EXERCISE INPUTS:

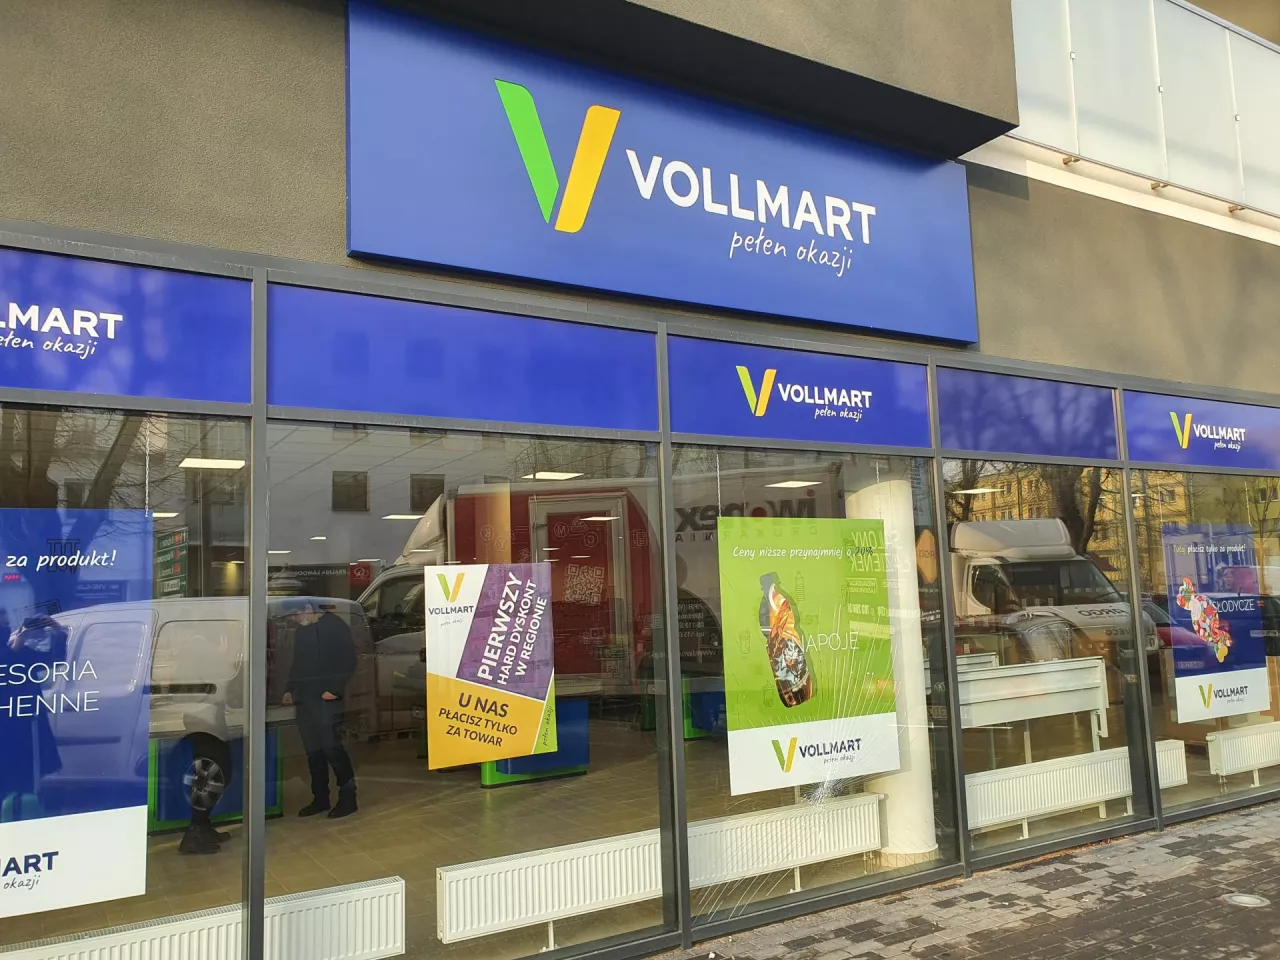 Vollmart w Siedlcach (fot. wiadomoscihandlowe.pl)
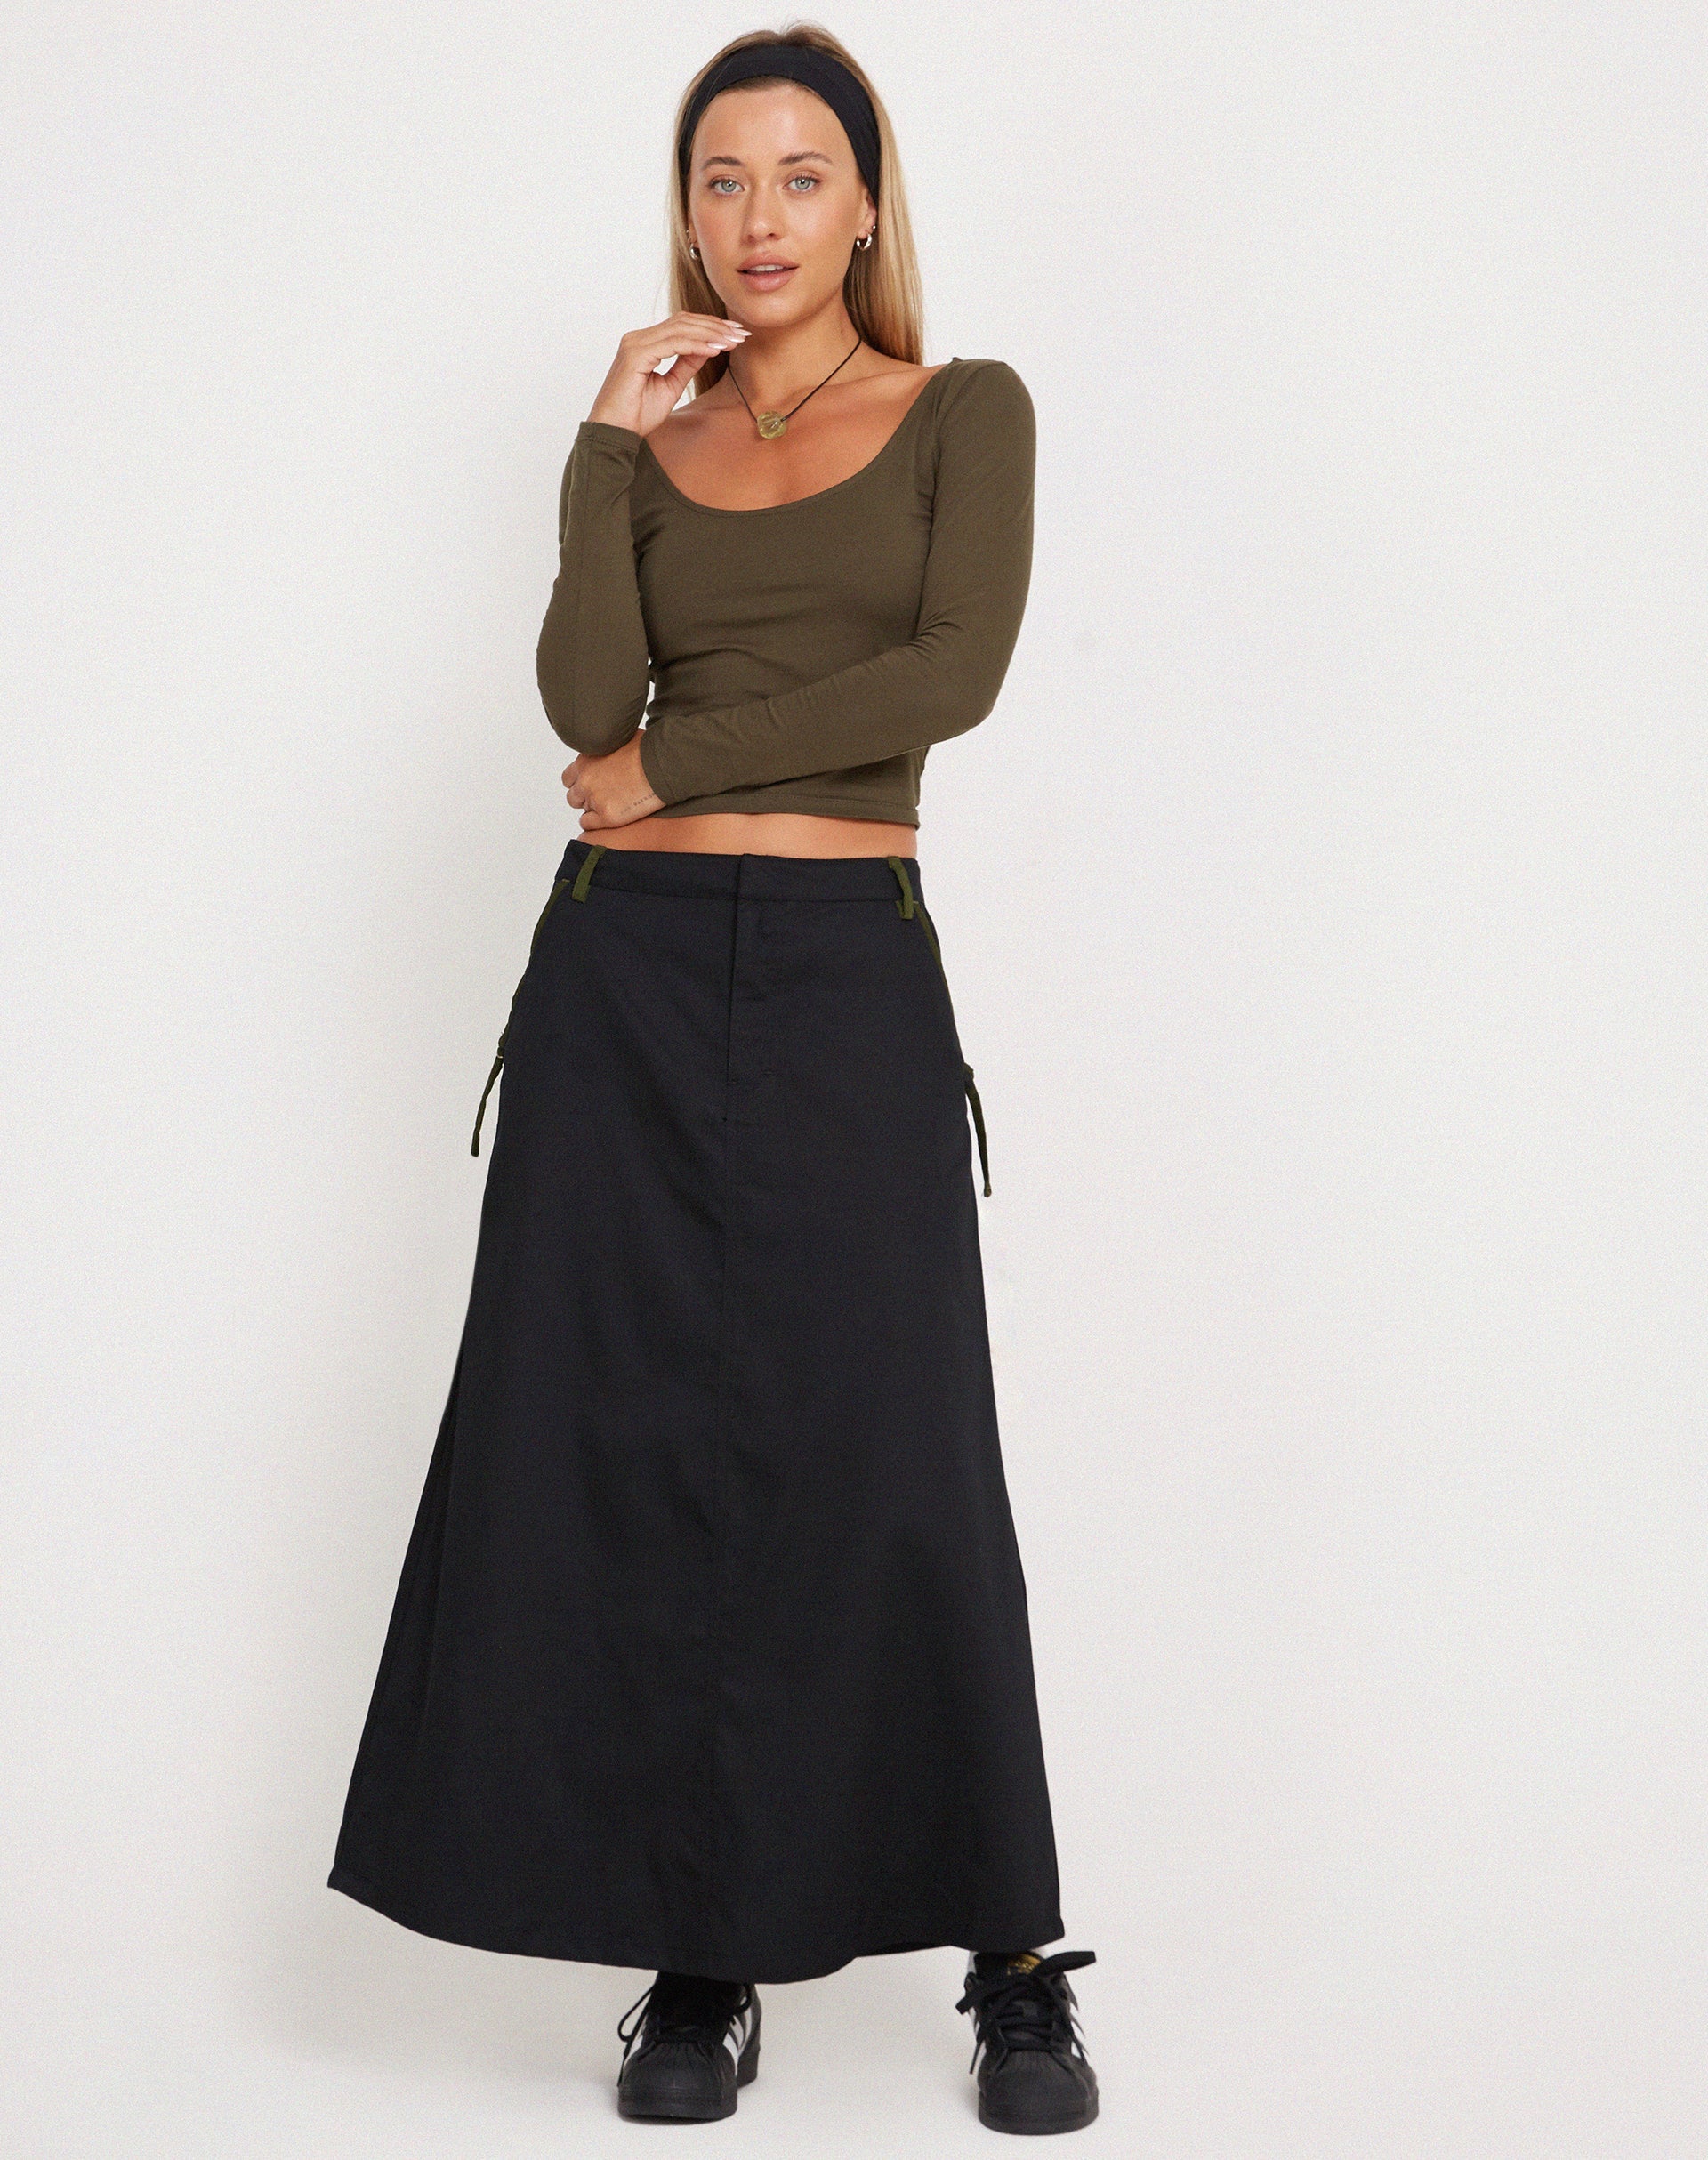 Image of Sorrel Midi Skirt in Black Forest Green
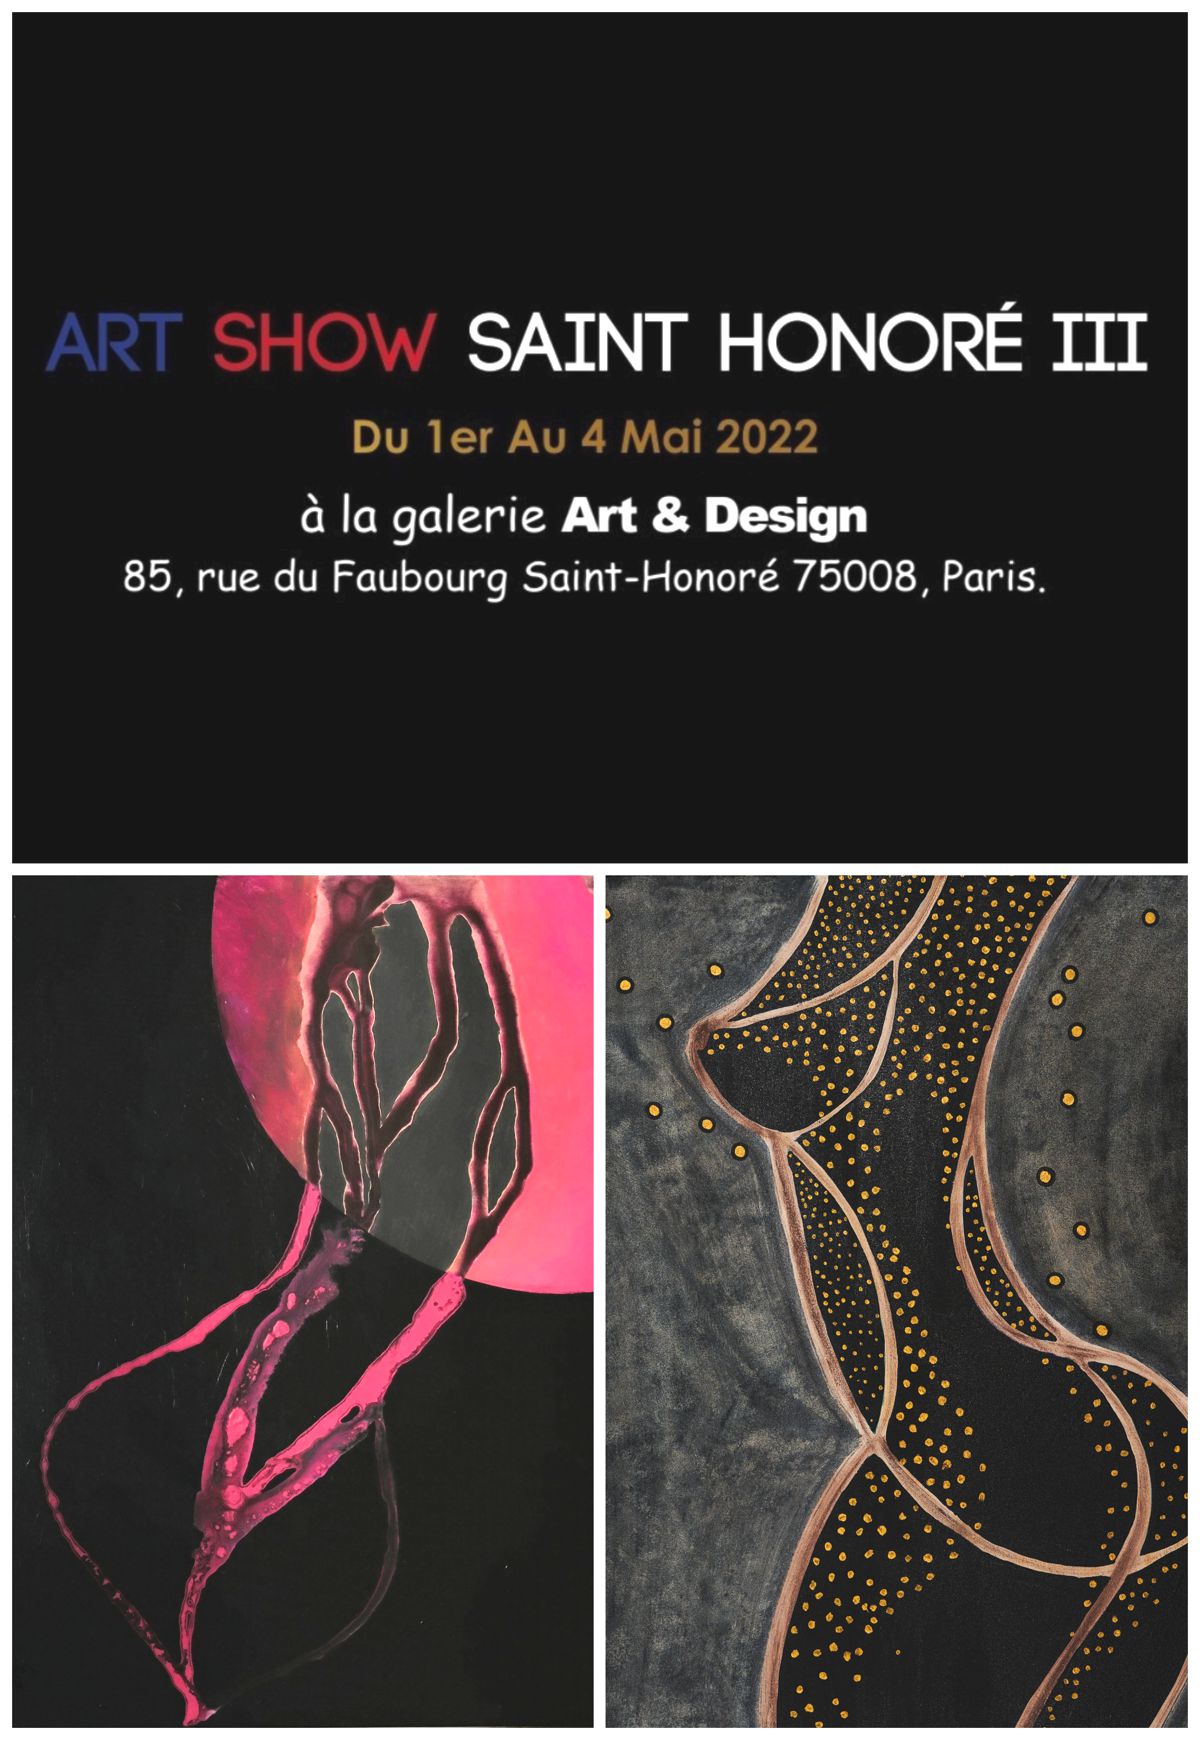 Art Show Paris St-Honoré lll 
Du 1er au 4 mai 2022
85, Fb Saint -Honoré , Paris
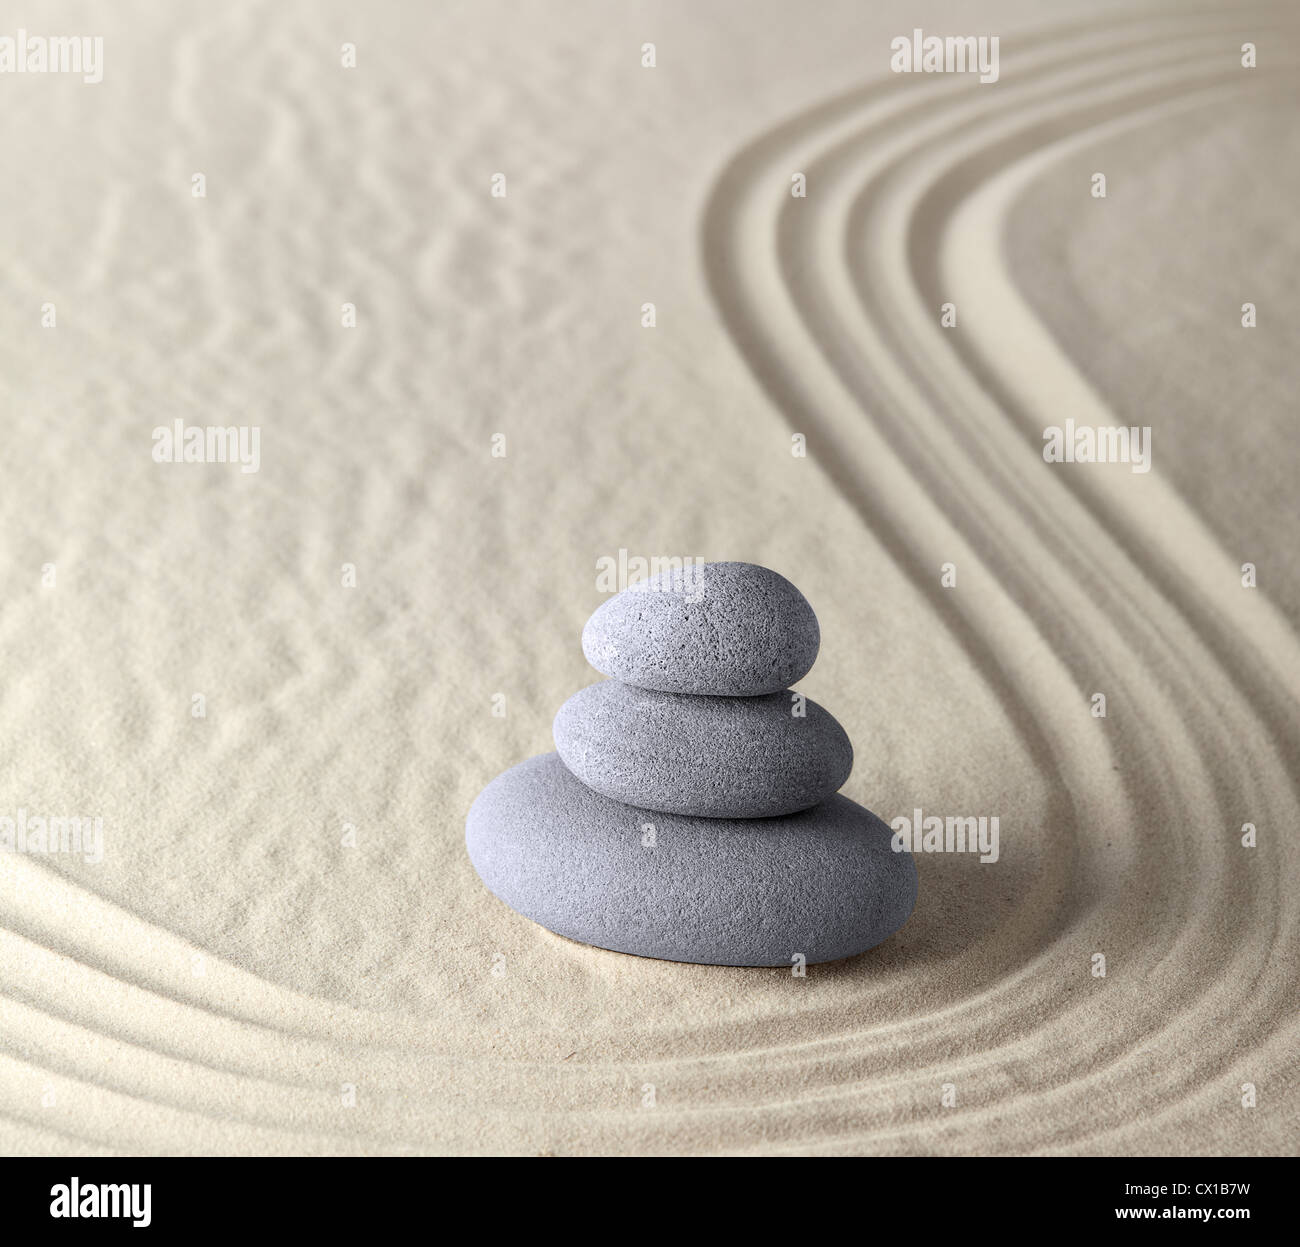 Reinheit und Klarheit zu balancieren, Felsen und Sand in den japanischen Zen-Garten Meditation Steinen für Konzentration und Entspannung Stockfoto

WORK REQUEST: When you output the entries, keep each line exactly as it is and leave out any pictures.

SOLVED PROBLEM:
 Vollmart w Siedlcach (fot. wiadomoscihandlowe.pl)
 Image of Sorrel Midi Skirt in Black Forest Green
 Art Show Paris St-Honoré lll 
Du 1er au 4 mai 2022
85, Fb Saint -Honoré , Paris
 Reinheit und Klarheit zu balancieren, Felsen und Sand in den japanischen Zen-Garten Meditation Steinen für Konzentration und Entspannung Stockfoto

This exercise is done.